------ Supplied data ------

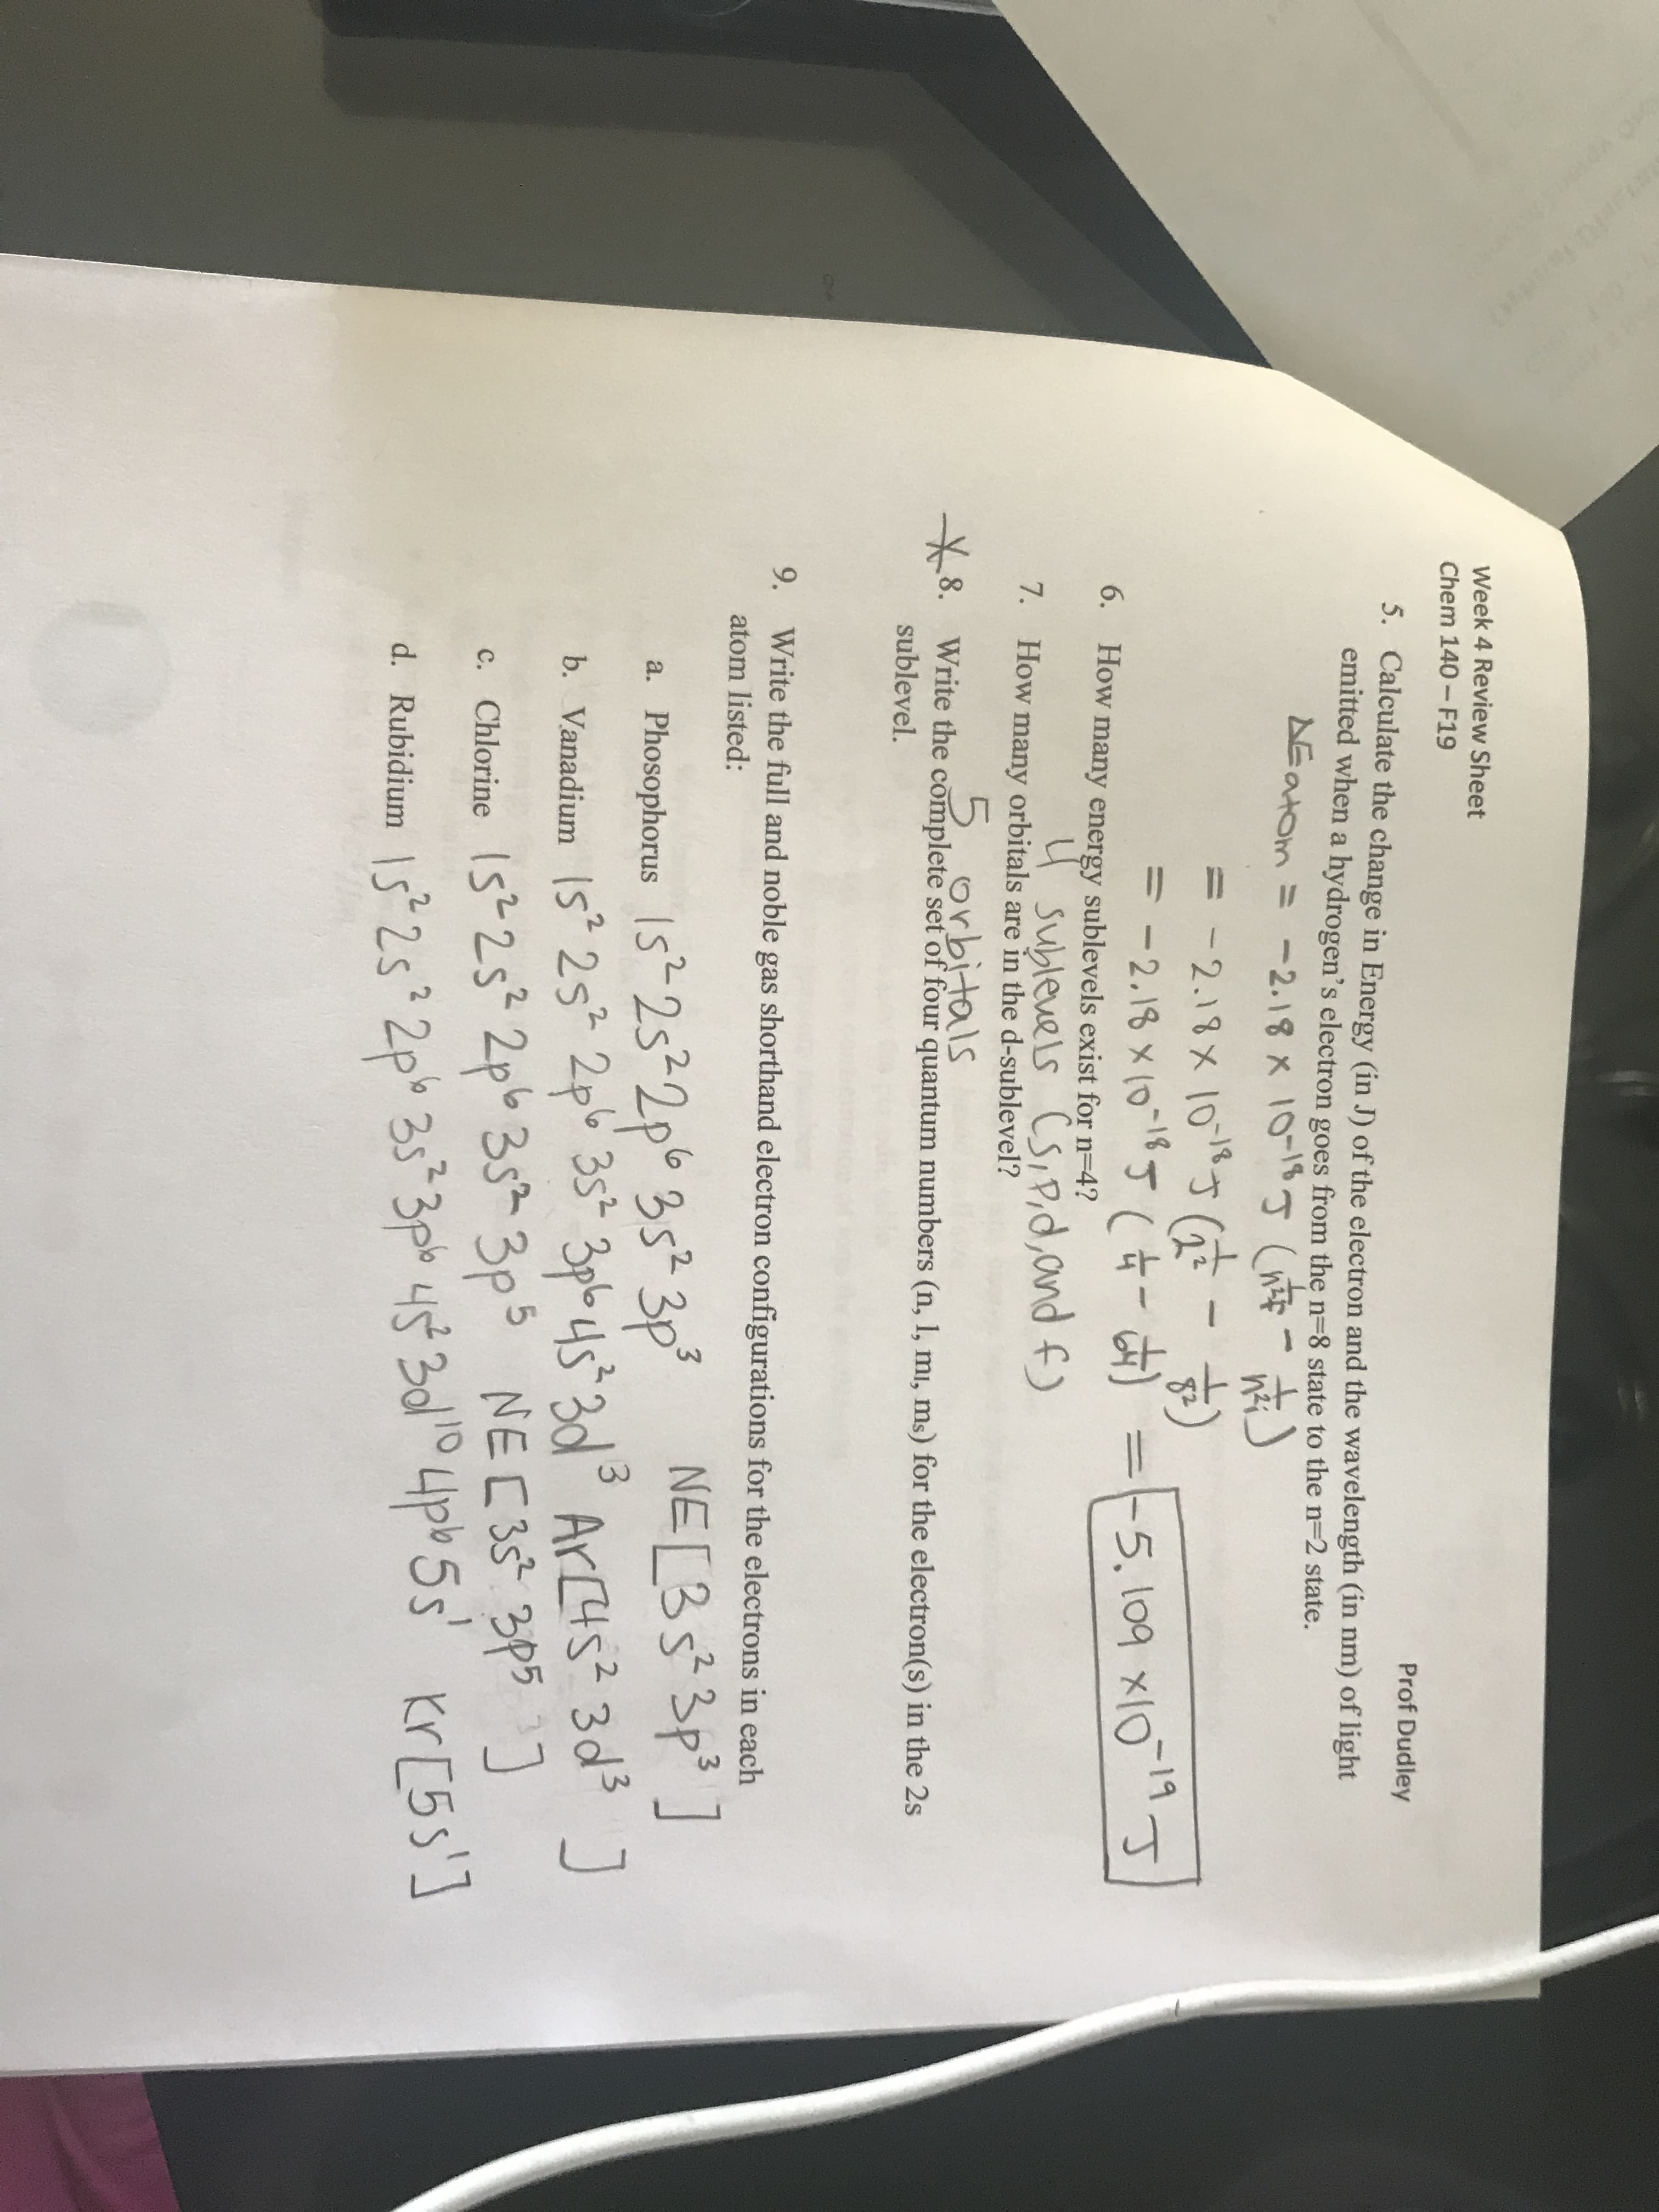 YoU
0
3
tak
Week 4 Review Sheet
Prof Dudley
Chem 140-F19
5. Calculate the change in Energy (in J) of the electron and the wavelength (in nm) of light
emitted when a hydrogen's electron goes from the n-8 state to the n=2 state.
AEatom 2.18 x 10 n
-2.13x 103(
-2.18 x (01 -5, log xlO
11
6.
How many energy sublevels exist for n-4?
Subleuels CsSIPid,and f)
7.
How many orbitals are in the d-sublevel?
5.orbitals
8. Write the complete set of four quantum numbers (n, 1, mi, ms) for the electron(s) in the 2s
sublevel.
9.
Write the full and noble gas shorthand electron configurations for the electrons in each
Phosophorus s2s22p 352 3p NEL3S 3p
b. Vanadium s 25 2p 35 3pb45 3dArs 3d
c. Chlorine s2s 2p 35 3p5 NE C 3s 3P
atom listed:
a.
2s 2P 33p u 30 4p 5s r5s'
d. Rubidium

------

**Work instruction**
Please quote nothing but the lines from the line with "5. Calculate the" through the end of the data above, exactly as written, ends included.

**Exercise answer**
5. Calculate the change in Energy (in J) of the electron and the wavelength (in nm) of light
emitted when a hydrogen's electron goes from the n-8 state to the n=2 state.
AEatom 2.18 x 10 n
-2.13x 103(
-2.18 x (01 -5, log xlO
11
6.
How many energy sublevels exist for n-4?
Subleuels CsSIPid,and f)
7.
How many orbitals are in the d-sublevel?
5.orbitals
8. Write the complete set of four quantum numbers (n, 1, mi, ms) for the electron(s) in the 2s
sublevel.
9.
Write the full and noble gas shorthand electron configurations for the electrons in each
Phosophorus s2s22p 352 3p NEL3S 3p
b. Vanadium s 25 2p 35 3pb45 3dArs 3d
c. Chlorine s2s 2p 35 3p5 NE C 3s 3P
atom listed:
a.
2s 2P 33p u 30 4p 5s r5s'
d. Rubidium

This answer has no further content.